- _Information provided_:

● ● ● ●

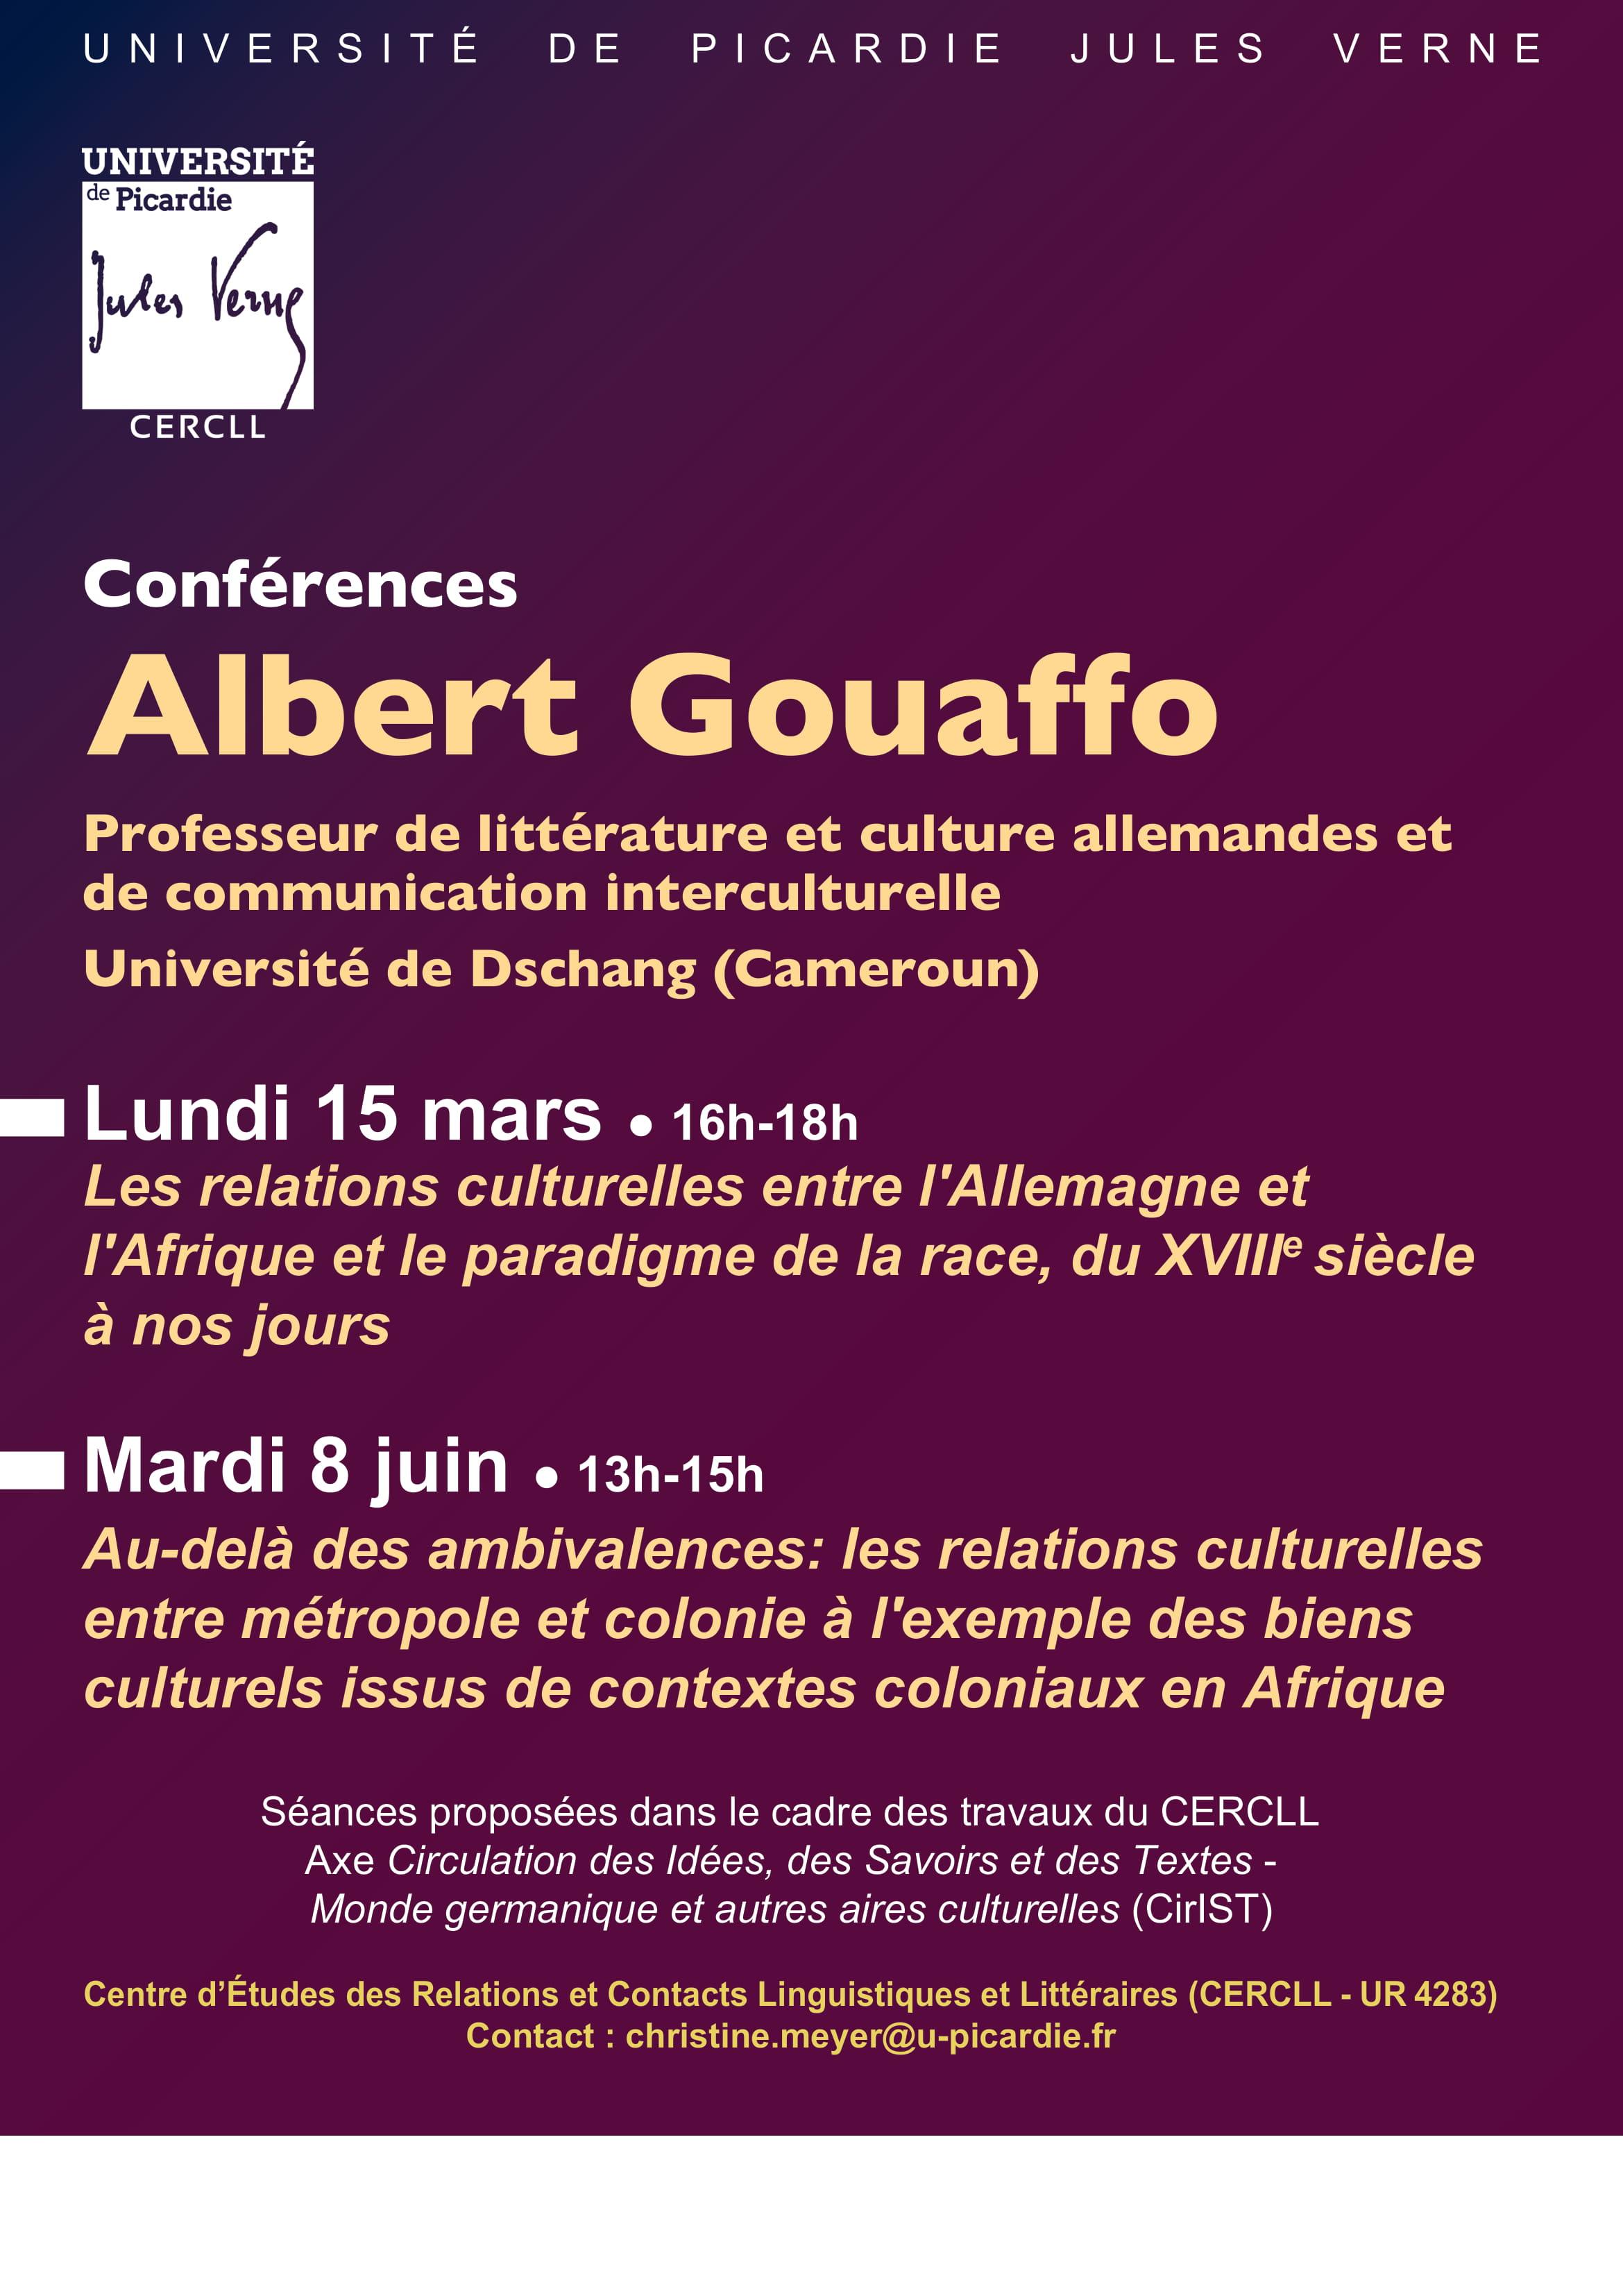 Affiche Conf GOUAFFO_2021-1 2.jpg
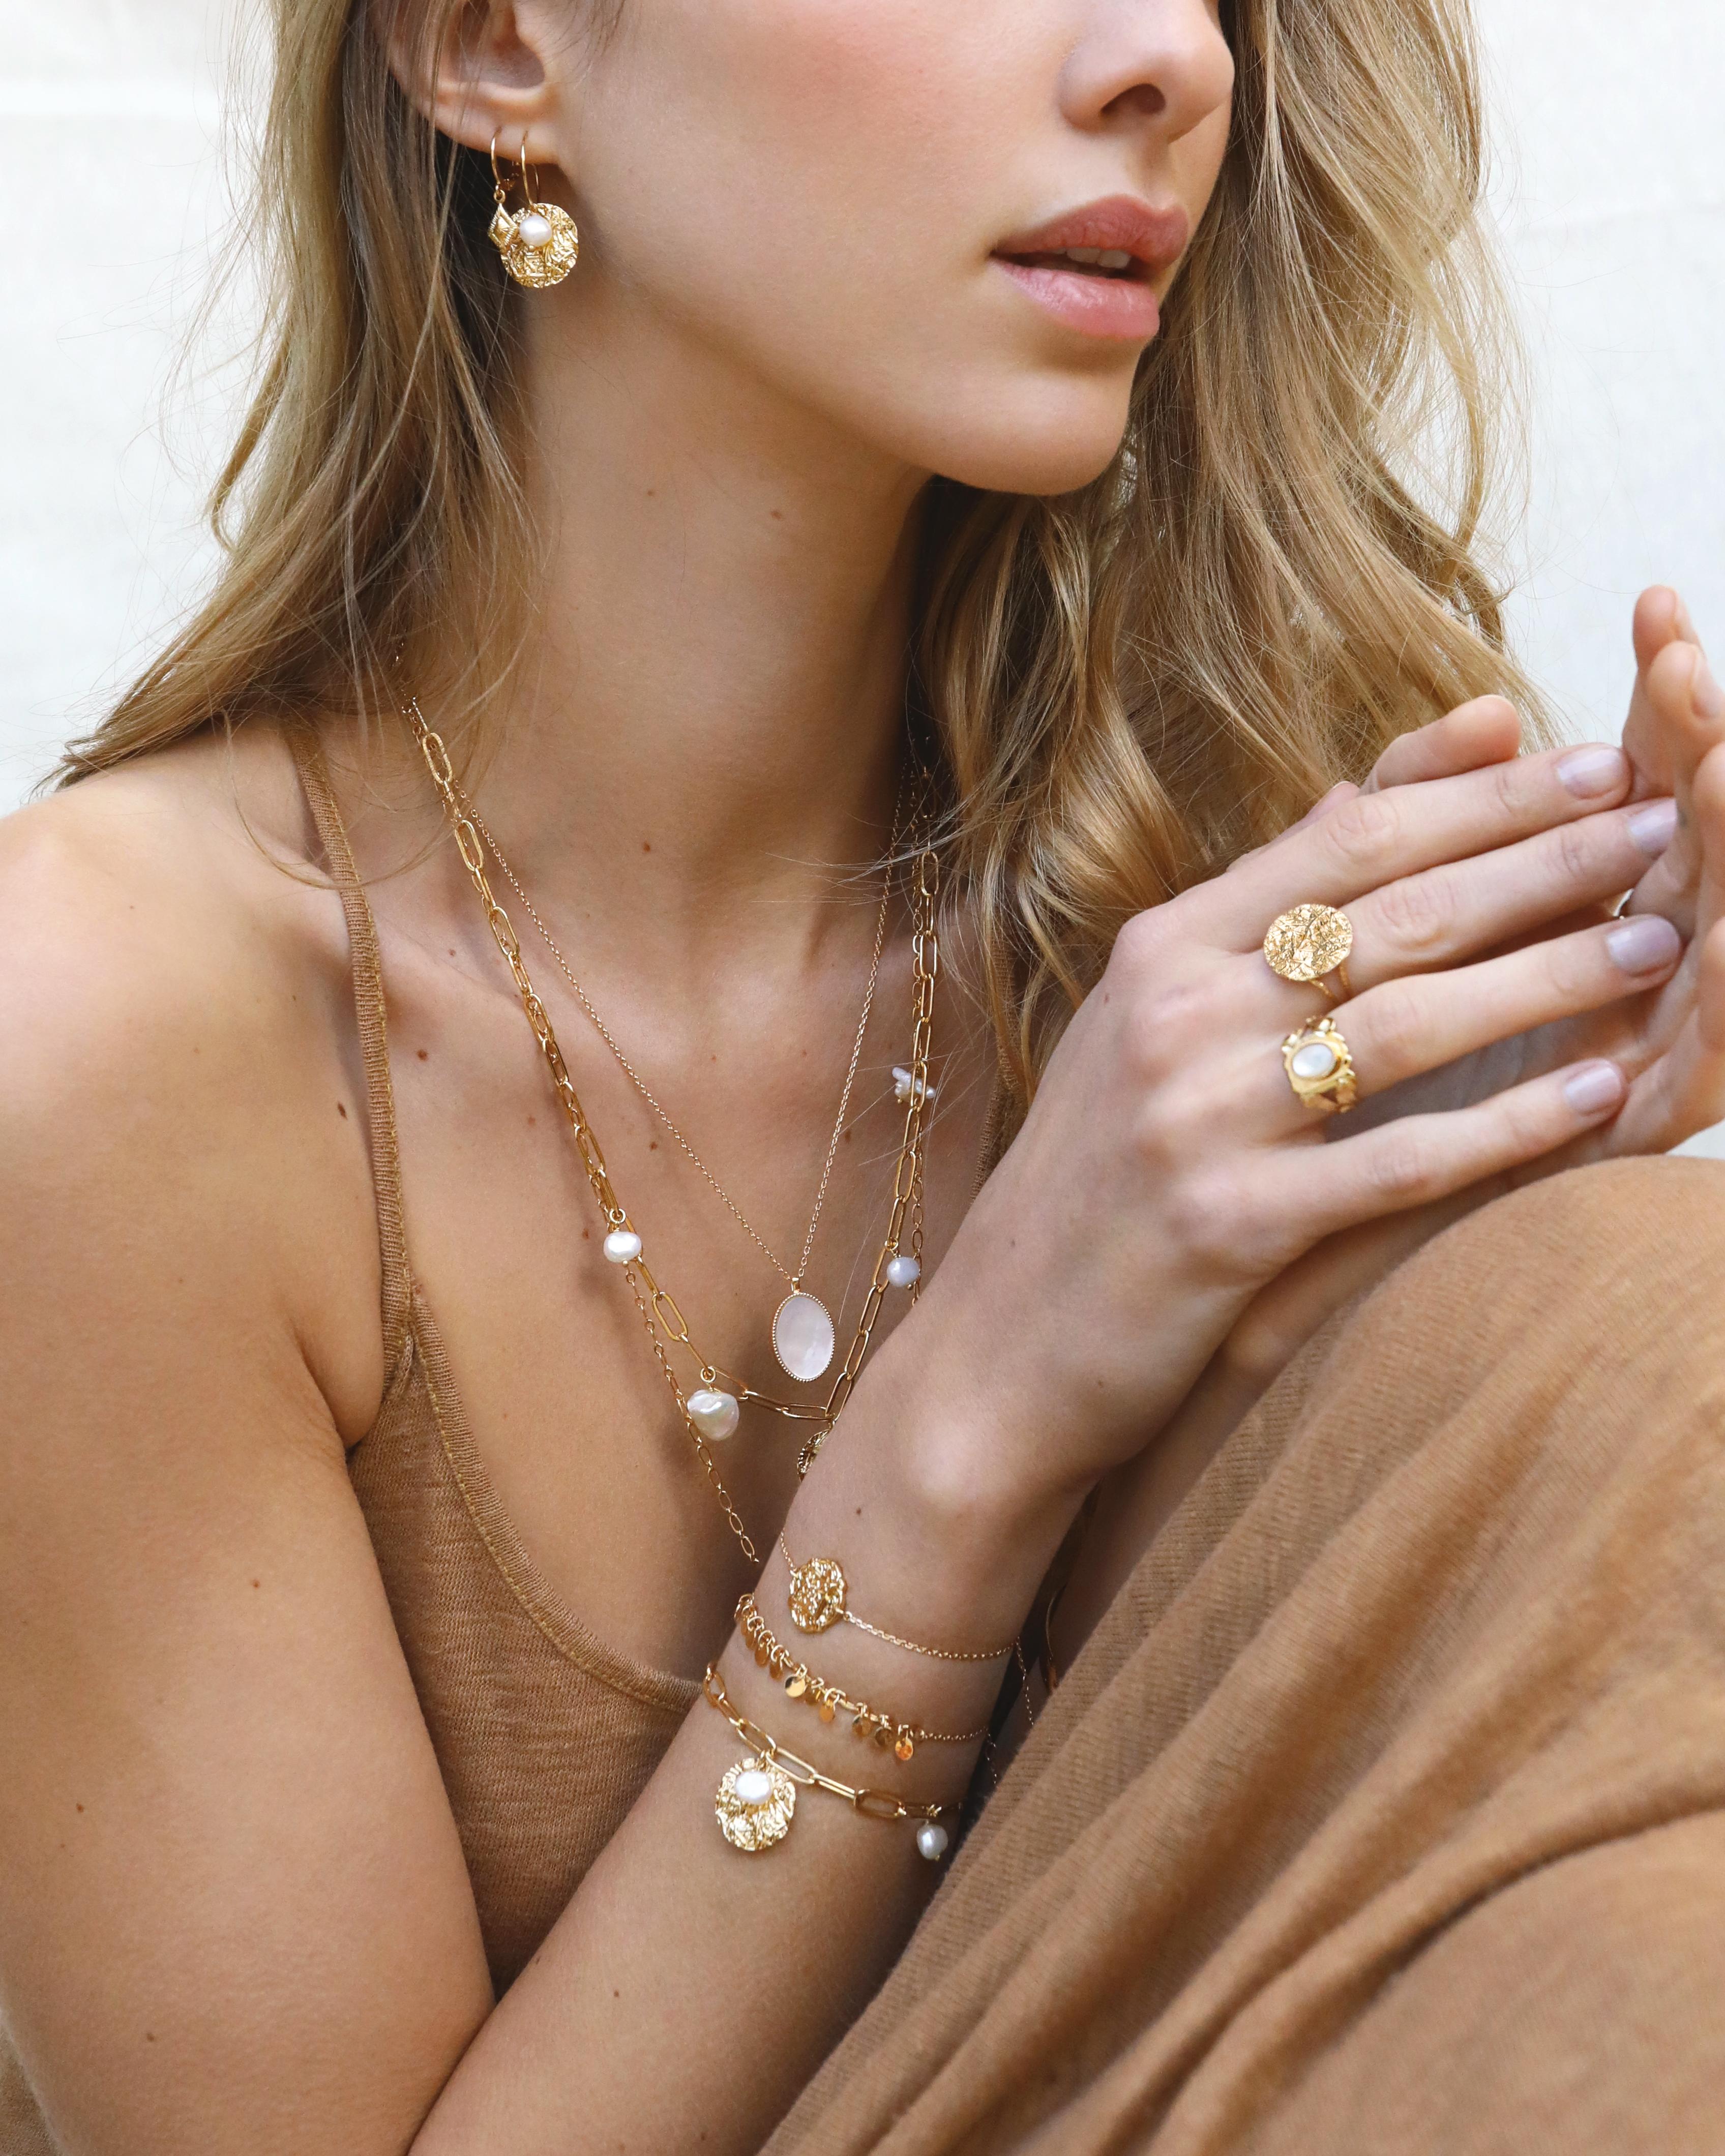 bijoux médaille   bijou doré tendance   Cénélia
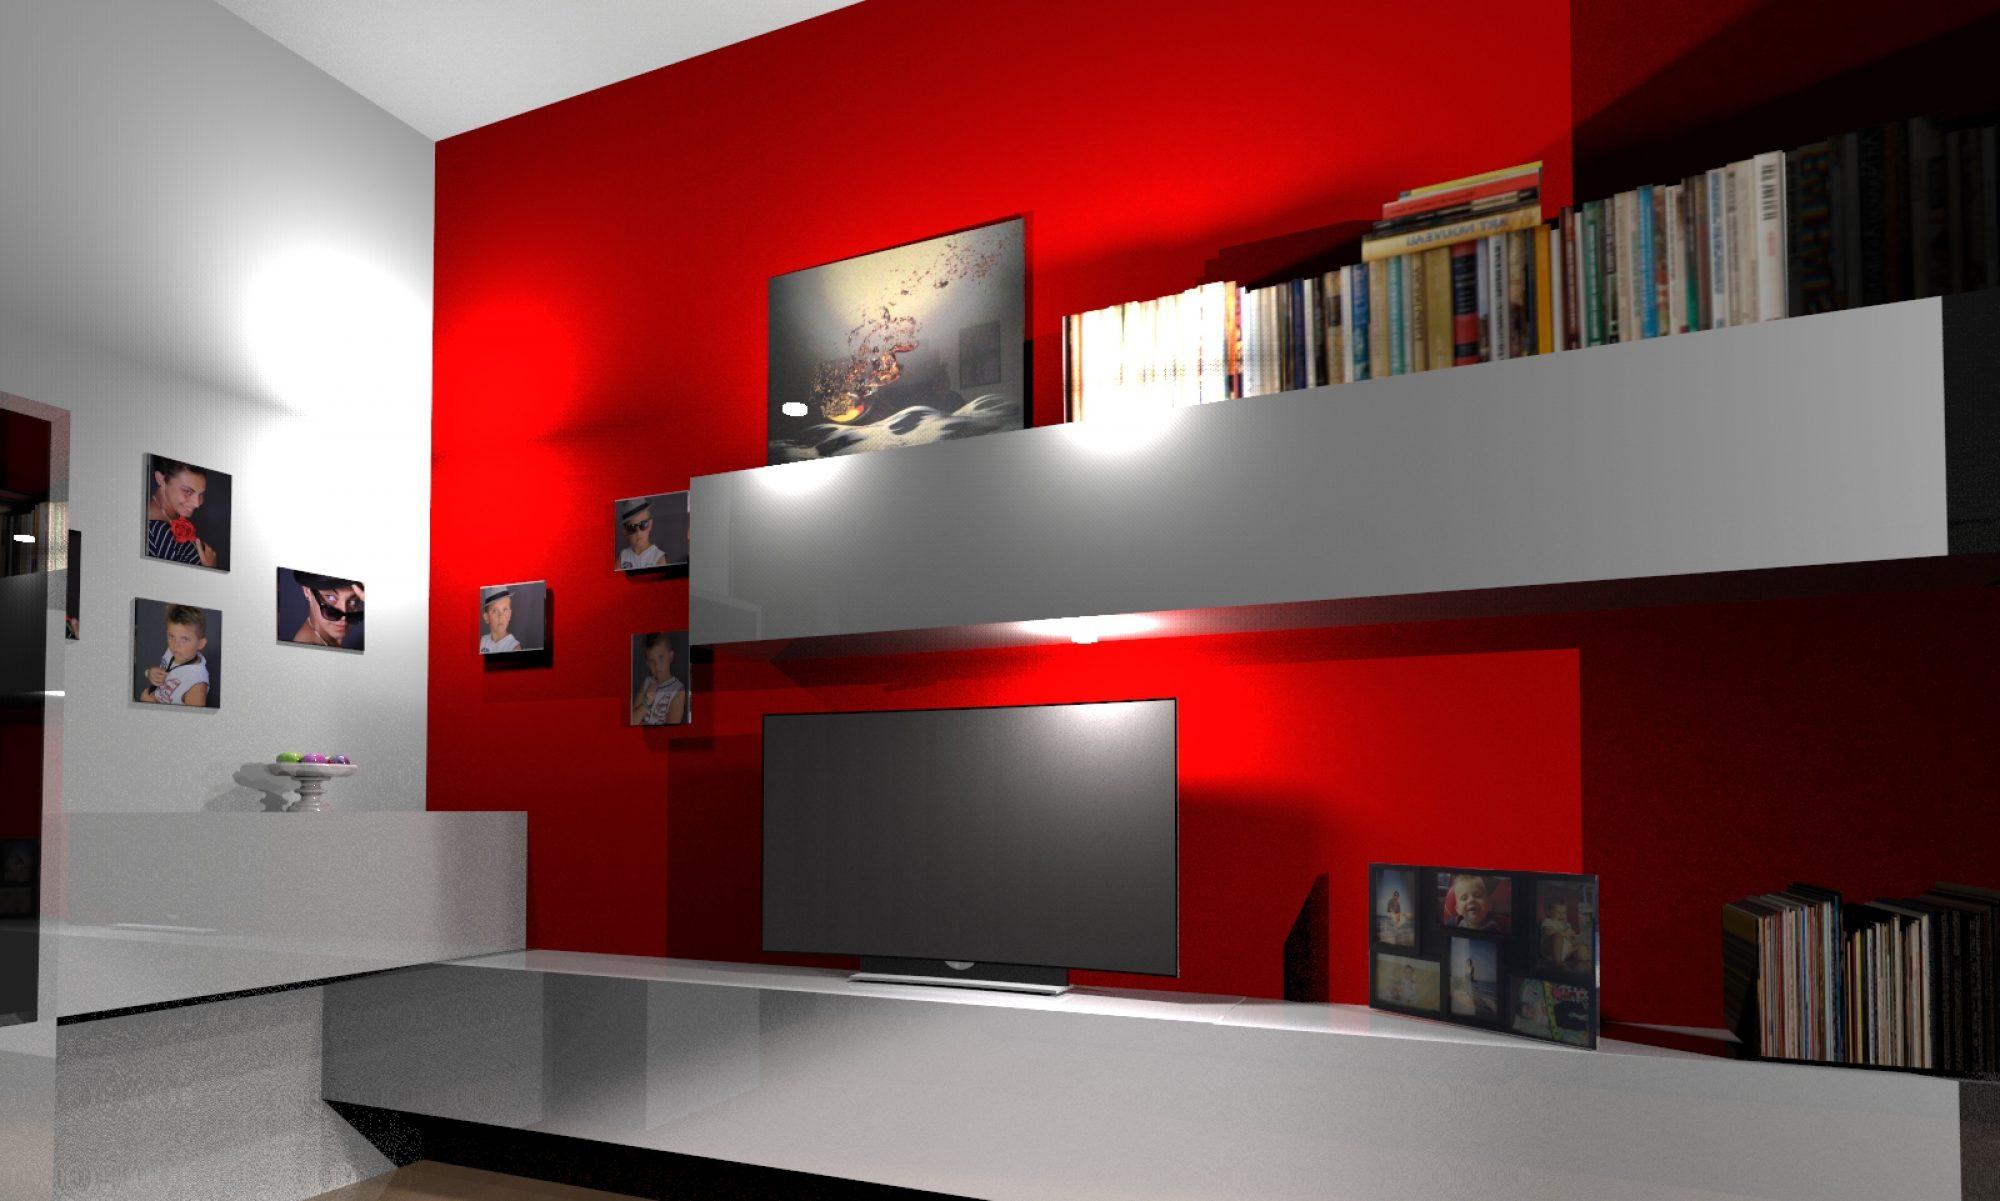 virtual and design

● ● ● ●

- _What the exercise asks_:
Drop the images and repeat the data exactly.

- _Response area_:
 Affiche Conf GOUAFFO_2021-1 2.jpg
 bijoux médaille   bijou doré tendance   Cénélia
 virtual and design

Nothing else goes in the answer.